RATIONALE: Drugs used in chemotherapy, such as melphalan and dexamethasone, work in different ways to stop the growth of abnormal plasma cells, either by killing the cells or by stopping them from dividing. Biological therapies, such as lenalidomide, may stimulate the immune system in different ways and stop the abnormal plasma cells from growing. Giving melphalan together with lenalidomide and dexamethasone may be an effective treatment for primary systemic amyloidosis.

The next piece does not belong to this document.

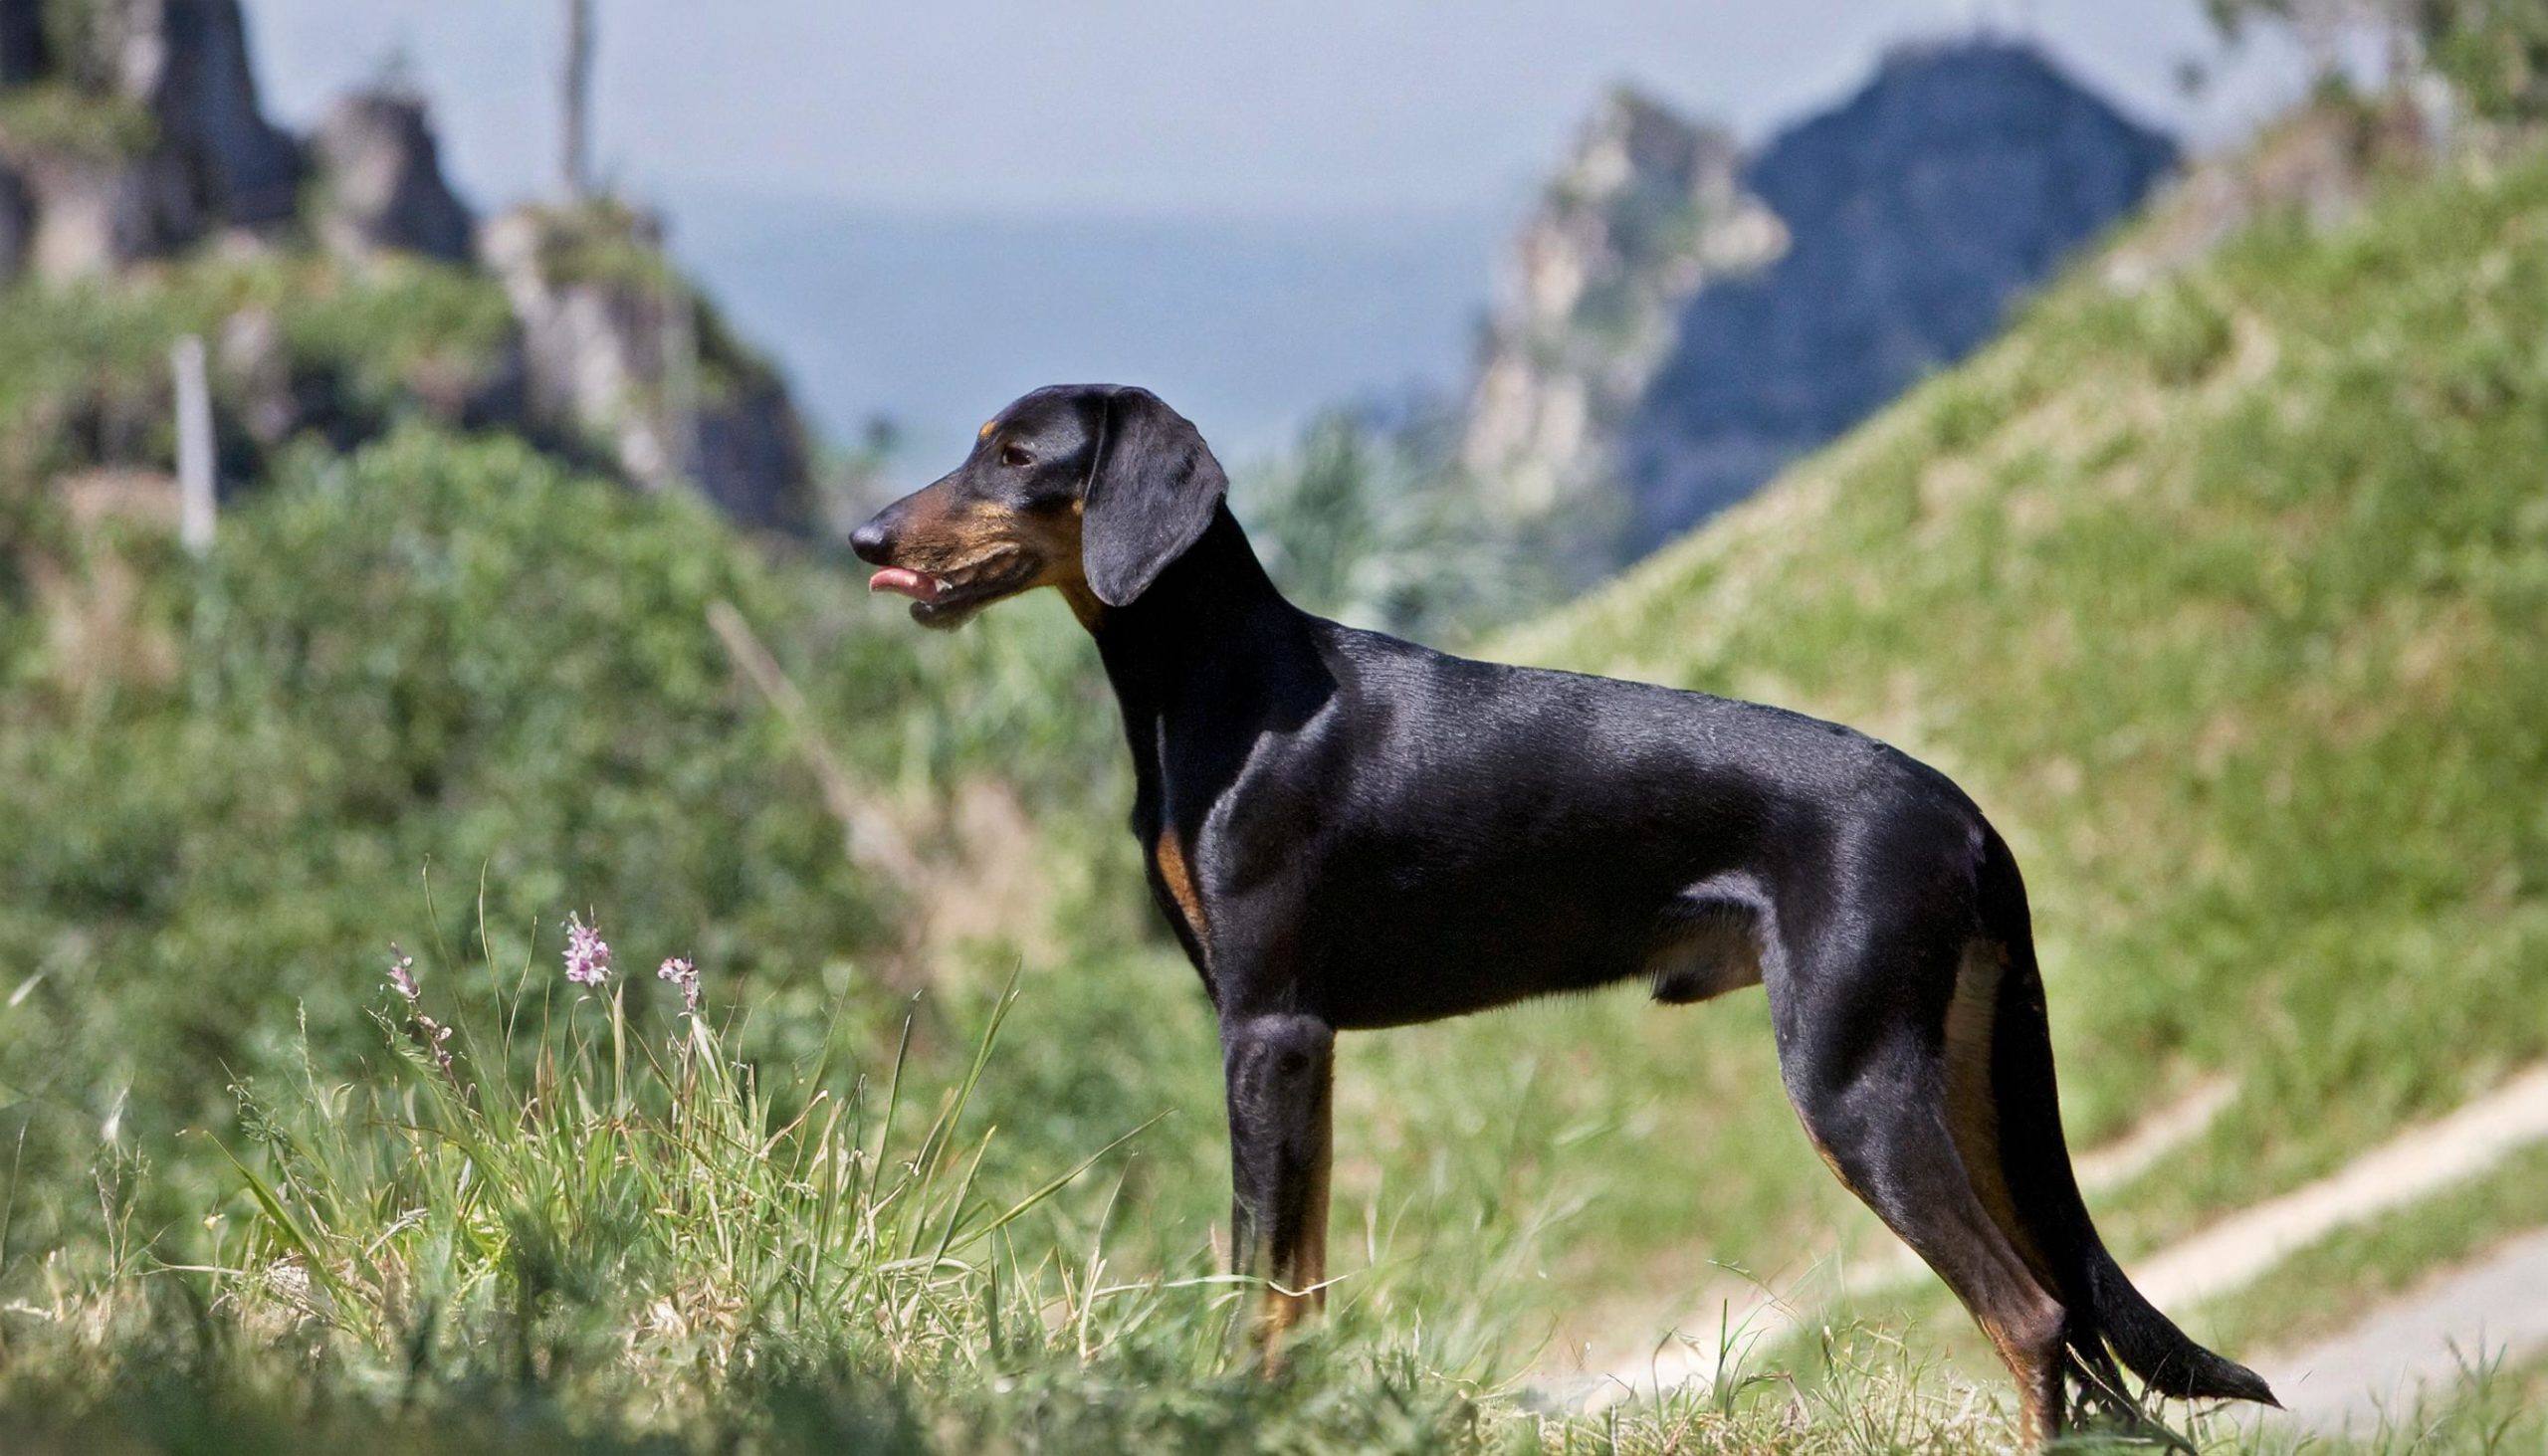 De Crnogorski planinski gonic is een vrij zeldzaam hondenras uit Montenegro, vroeger bekend onder de naam Joegoslavische berghond.

PURPOSE: This phase II trial is studying the side effects and how well giving melphalan together with lenalidomide and dexamethasone works in treating patients with primary systemic amyloidosis.

Detailed Summary:

OBJECTIVES:

Primary

• To determine the tolerability and safety of melphalan, lenalidomide, and dexamethasone, in terms of toxicity, in patients with primary systemic amyloidosis.
• To determine the hematologic response rate in patients treated with this regimen.

Secondary

• To assess organ response in patients treated with this regimen.

OUTLINE: Patients receive oral lenalidomide once daily on days 1-21, oral melphalan once daily on days 1-4, and oral dexamethasone once on days 1, 8, 15, and 22. Treatment repeats every 28 days for up to 12 months in the absence of disease progression or unacceptable toxicity.

After completion of study therapy, patients are followed every 3 months until disease progression and then annually thereafter.

Sponsor: Boston Medical Center

Current Primary Outcome: Number of Participants With Hematologic Response [ Time Frame: one year ]

Original Primary Outcome:

• Hematologic response rate as measured by standard criteria
• Safety (i.e., type, frequency, severity, and relationship of adverse events to study treatment)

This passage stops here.